Dataset excerpts
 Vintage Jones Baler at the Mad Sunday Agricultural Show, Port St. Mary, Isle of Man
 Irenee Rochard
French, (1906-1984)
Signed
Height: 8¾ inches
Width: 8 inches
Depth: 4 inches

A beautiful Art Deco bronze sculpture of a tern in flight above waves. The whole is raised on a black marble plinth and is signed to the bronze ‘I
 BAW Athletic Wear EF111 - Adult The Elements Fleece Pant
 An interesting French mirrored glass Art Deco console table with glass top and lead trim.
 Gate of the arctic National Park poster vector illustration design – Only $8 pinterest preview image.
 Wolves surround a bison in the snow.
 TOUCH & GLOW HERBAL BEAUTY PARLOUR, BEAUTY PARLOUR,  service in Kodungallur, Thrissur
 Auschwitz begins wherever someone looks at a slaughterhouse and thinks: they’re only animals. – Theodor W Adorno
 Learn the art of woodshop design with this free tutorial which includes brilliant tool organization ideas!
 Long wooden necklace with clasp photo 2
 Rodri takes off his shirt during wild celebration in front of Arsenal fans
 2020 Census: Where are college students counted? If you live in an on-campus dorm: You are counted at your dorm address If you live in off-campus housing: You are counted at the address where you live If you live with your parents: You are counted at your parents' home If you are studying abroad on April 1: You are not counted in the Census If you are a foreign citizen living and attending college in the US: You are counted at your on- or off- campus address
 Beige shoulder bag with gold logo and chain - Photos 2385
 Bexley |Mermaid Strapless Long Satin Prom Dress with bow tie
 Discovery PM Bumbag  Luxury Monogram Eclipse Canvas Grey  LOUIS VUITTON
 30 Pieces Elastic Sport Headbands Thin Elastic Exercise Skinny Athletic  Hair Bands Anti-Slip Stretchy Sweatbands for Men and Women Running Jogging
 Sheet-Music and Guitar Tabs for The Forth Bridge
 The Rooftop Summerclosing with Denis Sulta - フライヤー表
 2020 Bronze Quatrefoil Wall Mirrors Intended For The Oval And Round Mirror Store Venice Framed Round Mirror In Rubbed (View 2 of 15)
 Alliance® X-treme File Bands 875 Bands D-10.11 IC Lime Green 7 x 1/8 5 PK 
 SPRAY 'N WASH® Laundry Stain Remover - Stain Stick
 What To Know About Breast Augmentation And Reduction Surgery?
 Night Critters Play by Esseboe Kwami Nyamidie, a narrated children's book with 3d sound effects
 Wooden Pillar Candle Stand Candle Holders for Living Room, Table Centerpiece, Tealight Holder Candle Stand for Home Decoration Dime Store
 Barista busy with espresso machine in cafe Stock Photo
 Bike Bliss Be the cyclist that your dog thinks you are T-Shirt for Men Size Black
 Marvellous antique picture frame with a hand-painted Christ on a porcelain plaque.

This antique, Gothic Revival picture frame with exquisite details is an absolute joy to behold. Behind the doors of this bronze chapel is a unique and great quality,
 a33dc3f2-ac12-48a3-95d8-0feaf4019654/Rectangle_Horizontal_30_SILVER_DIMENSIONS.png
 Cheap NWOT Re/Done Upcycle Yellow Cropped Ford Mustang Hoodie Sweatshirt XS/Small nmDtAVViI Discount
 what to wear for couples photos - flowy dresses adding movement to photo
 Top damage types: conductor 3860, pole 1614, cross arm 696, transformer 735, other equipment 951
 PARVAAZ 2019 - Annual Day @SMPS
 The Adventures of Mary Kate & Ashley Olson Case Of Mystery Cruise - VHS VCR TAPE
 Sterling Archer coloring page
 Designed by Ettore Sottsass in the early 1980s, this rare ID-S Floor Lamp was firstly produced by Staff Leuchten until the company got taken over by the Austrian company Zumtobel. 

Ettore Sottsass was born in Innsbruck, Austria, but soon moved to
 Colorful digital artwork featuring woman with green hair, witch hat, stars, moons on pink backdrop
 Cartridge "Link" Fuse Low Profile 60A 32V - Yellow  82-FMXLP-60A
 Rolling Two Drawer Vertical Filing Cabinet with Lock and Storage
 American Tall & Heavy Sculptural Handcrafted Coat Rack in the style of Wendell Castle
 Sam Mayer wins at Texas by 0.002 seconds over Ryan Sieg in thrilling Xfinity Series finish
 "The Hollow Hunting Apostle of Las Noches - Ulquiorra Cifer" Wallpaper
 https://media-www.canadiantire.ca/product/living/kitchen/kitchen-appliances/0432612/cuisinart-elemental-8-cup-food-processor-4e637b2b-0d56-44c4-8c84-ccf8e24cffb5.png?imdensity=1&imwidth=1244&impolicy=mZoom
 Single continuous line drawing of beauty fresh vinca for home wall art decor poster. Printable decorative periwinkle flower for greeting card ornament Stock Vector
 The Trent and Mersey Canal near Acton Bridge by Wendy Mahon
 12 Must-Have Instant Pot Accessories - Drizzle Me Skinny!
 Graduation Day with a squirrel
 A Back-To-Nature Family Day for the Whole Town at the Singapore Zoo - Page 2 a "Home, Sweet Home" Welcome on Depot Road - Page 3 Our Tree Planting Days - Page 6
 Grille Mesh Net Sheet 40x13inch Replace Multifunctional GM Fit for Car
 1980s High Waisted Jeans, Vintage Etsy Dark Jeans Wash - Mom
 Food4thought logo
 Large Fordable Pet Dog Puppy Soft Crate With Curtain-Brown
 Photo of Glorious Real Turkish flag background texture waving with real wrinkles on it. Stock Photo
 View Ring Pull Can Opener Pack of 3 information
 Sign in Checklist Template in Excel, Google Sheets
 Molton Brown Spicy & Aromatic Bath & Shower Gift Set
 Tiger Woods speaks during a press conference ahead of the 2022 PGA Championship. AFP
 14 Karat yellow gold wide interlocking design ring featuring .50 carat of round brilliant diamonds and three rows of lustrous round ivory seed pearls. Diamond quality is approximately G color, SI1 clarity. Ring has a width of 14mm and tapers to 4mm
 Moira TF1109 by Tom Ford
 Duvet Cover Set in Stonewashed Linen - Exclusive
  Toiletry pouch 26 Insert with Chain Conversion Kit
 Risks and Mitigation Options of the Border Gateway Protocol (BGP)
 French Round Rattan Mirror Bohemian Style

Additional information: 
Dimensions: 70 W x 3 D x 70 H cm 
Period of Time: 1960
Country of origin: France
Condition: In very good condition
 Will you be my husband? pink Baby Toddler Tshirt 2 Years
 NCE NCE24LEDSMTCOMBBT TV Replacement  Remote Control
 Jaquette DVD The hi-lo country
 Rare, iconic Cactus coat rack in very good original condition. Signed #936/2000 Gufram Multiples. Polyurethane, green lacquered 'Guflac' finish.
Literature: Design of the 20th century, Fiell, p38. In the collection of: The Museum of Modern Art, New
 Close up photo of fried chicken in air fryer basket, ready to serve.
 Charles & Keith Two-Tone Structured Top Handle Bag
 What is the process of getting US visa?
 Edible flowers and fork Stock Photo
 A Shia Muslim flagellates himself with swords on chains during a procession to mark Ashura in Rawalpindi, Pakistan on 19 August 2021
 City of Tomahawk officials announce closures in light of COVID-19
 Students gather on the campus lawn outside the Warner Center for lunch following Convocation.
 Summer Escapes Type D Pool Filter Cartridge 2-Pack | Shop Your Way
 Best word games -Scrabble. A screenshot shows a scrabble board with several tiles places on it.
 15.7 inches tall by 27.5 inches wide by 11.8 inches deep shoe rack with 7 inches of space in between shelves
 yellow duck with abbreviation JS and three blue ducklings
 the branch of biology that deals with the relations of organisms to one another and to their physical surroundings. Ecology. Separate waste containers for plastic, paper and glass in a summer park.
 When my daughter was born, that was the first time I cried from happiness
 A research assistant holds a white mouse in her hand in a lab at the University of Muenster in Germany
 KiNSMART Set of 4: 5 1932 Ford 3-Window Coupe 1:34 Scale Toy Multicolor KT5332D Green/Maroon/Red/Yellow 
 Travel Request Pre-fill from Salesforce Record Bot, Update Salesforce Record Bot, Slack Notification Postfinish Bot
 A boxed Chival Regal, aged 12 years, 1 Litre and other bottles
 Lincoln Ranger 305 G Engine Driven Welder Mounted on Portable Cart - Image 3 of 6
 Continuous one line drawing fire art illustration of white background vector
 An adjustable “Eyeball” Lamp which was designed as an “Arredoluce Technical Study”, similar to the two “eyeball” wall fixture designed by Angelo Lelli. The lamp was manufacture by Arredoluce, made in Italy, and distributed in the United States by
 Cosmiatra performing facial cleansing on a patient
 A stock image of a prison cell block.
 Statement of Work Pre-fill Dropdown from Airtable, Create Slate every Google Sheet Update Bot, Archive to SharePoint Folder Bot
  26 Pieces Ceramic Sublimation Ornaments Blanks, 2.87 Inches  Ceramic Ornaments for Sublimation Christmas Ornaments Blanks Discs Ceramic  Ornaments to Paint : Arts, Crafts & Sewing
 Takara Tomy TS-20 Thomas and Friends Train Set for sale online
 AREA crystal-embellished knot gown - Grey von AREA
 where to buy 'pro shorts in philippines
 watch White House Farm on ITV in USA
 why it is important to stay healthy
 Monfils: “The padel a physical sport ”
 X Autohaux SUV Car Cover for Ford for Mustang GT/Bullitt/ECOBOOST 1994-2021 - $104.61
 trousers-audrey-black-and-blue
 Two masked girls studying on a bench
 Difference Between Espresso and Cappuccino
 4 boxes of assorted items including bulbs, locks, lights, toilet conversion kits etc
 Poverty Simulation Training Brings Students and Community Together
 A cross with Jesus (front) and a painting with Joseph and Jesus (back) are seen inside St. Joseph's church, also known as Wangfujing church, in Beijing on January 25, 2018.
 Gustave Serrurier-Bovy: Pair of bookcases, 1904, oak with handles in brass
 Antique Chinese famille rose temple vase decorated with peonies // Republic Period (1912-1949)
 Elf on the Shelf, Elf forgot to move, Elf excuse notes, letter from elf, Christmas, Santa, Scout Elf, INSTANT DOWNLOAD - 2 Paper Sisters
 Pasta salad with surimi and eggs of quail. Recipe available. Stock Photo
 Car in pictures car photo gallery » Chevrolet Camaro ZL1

■ **Work task**
Set every line down again exactly. Begin with the first line of the entries and finish with the line containing "A beautiful Art".

■ **Solution to the exercise**
 Vintage Jones Baler at the Mad Sunday Agricultural Show, Port St. Mary, Isle of Man
 Irenee Rochard
French, (1906-1984)
Signed
Height: 8¾ inches
Width: 8 inches
Depth: 4 inches

A beautiful Art Deco bronze sculpture of a tern in flight above waves. The whole is raised on a black marble plinth and is signed to the bronze ‘I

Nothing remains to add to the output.